Would you please give the entries again word for word, with no images in your copy?

Data excerpts
***

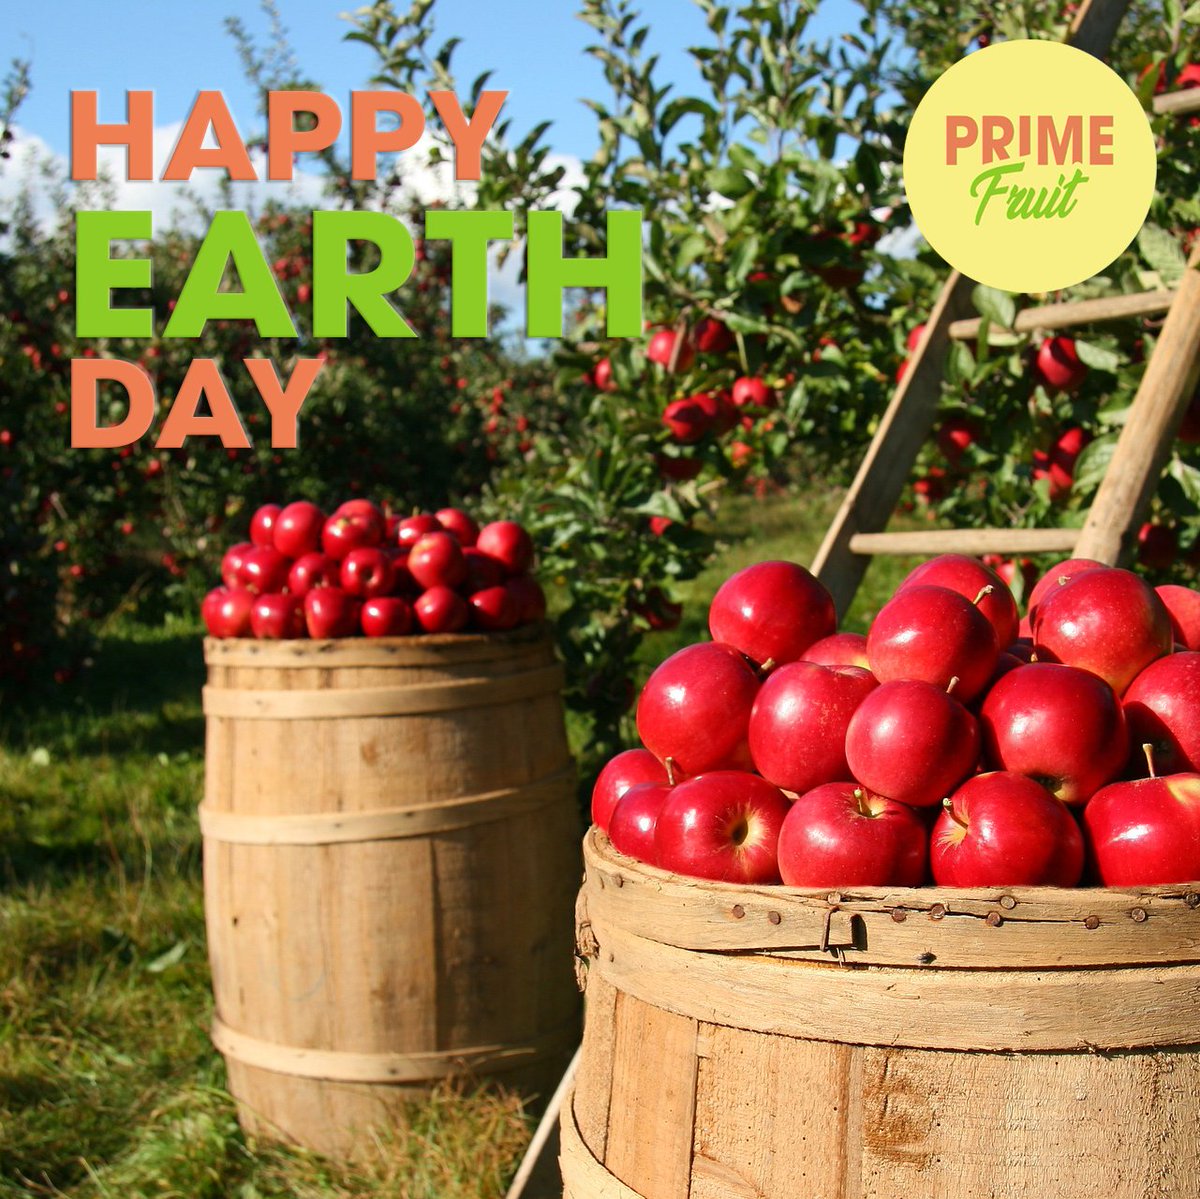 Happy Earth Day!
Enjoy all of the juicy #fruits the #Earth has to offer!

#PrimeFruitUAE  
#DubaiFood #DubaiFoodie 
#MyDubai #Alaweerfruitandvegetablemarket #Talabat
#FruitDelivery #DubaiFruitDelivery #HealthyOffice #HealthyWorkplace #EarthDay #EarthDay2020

***

[Task response]
 Happy Earth Day!
Enjoy all of the juicy #fruits the #Earth has to offer!

#PrimeFruitUAE  
#DubaiFood #DubaiFoodie 
#MyDubai #Alaweerfruitandvegetablemarket #Talabat
#FruitDelivery #DubaiFruitDelivery #HealthyOffice #HealthyWorkplace #EarthDay #EarthDay2020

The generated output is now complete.